Убедившись, что вакидзаси в синих ножнах нет на первом этажа, я отправилась на второй. Там явно были люди – поднимаясь по лестнице, я слышала их приглушенные голоса. На последней ступеньке стояла женщина в музейной униформе. Я вежливо ей кивнула и показала свой билет, она ответила дежурной улыбкой. Несколько пар обсуждали выставленные перед ними экспонаты.
Я прошла мимо ржавого снаряда времен войны Босин и остановилась почитать этикетку, изображая заинтересованного посетителя музея. Я медленно двигалась дальше, рассматривая картины, доспехи и старательно просматривая исторические справки к ним, направляясь к входу в небольшое отдельное помещение – экспозиция, как гласили указатели, продолжалась там. Я миновала дверной проем. Мужчина с седой бородой в одежде уборщика, двигаясь мне навстречу, толкнул меня в плечо.
– Простите, – сказала я.
– Это вы меня извините, – повернувшись, ответил он.

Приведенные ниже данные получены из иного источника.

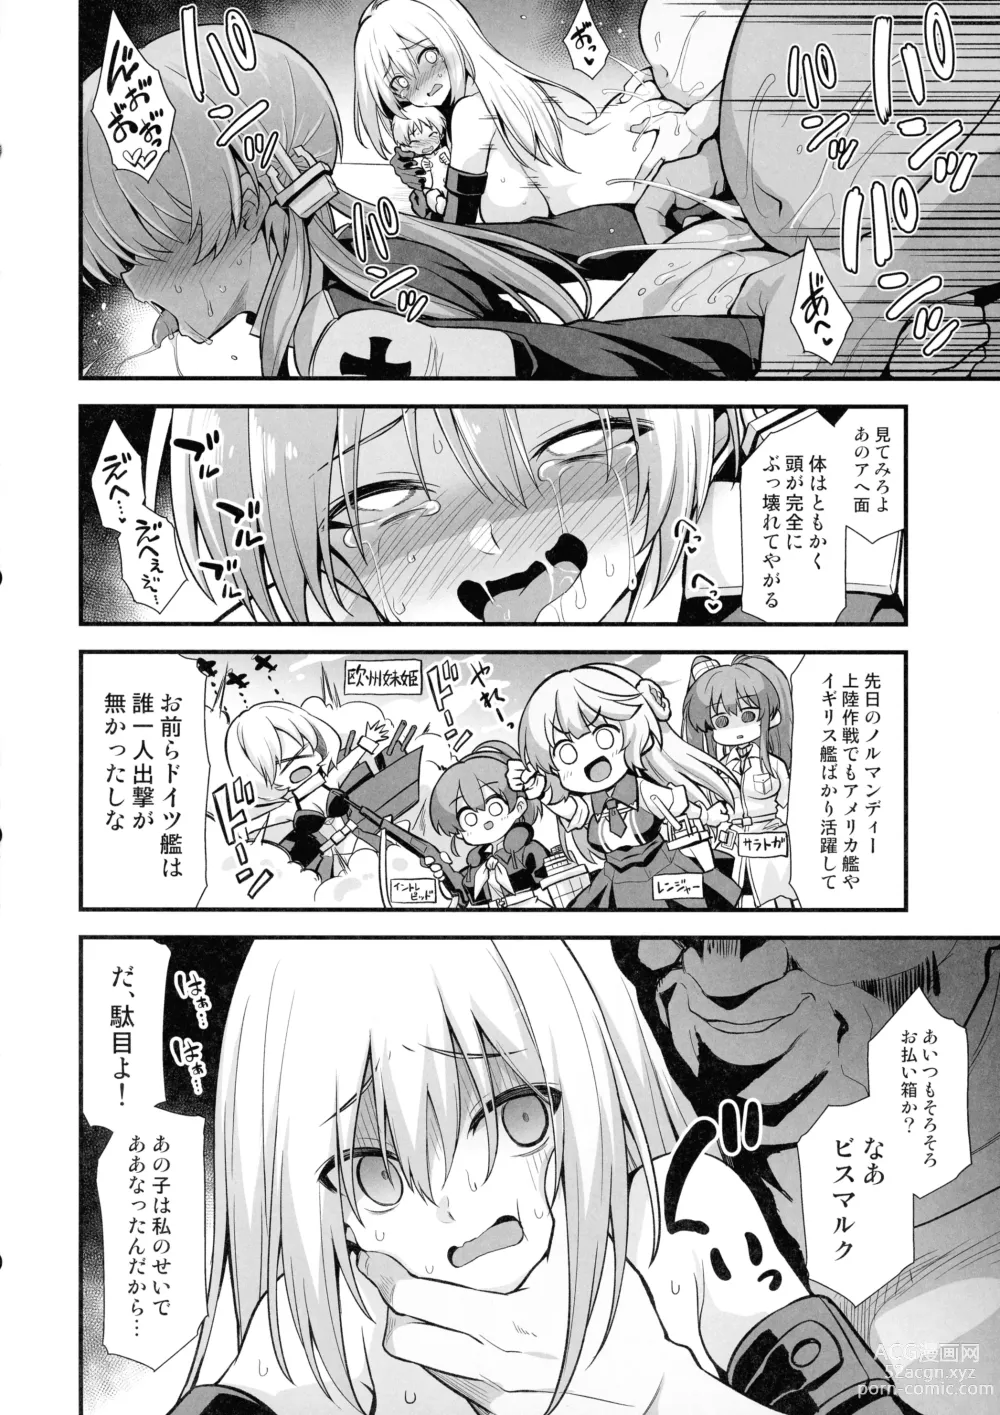 Page 11 of doujinshi Kanmusu Chakunin Mugen Hensai Botai Rankou Prinz Eugen & Bismarck

Мне показалось, что уборщик там так и застрял – краем глаза я видела его статную для старика фигуру, – но продолжала идти, повернувшись к нему спиной. Рассматривая одну из витрин, я почувствовала, что мужчина смотрит на меня. Сердце стало учащенно биться. Я изо всех сил старалась не обращать внимания на его явный интерес ко мне. Меня занимало другое – складывалось ощущение, что вакидзаси нет и на втором этаже.
Я рыскала по музею, и напряжение внутри меня росло. Я еще раз изучила схему, проверяя, не пропустила ли я какую-нибудь витрину, снова прошлась по экспозиции, мысленно разбив ее на квадраты и обследовав каждый досконально.
Вакидзаси в синих ножнах нигде не было.
Мои пальцы похолодели, и мне пришлось засунуть руки в карманы, чтобы хоть немного их согреть. Мы с Даичи не обсудили план действий на случай, если в музее не окажется меча. Мысли в голове путались. Оставалось только обратиться за помощью к сотрудникам музея. А что еще прикажете делать? Велика вероятность, что я об этом пожалею, но когда они установят связь между моим, казалось бы, невинным вопросом и пропажей экспоната, я буду уже далеко.
Я решила, что разумнее всего озадачить сотрудницу музея, которая встретилась мне на площадке лестницы второго этажа. По дороге я снова прошла мимо уборщика, который буквально не спускал с меня глаз.
– Извините, – улыбнулась я, подходя к женщине.
– Чем я могу вам помочь? – она подошла поближе, дружелюбная, готовая ответить на любой мой вопрос.
– Я хотела взглянуть на один меч… – Я достала из сумочки распечатанную фотографию. – Очень красивый артефакт! Я так надеялась, что смогу увидеть его и скопировать изображение на ножнах… Но мне не удалось его найти. Об этом вакидзаси мельком упоминается в вашем рекламном ролике. Не могли бы вы подсказать мне, где именно он находится?
Сотрудница музея вытащила очки из внутреннего кармана пиджака, надела их, взяла у меня листок и посмотрела на него. Улыбка исчезла с ее лица.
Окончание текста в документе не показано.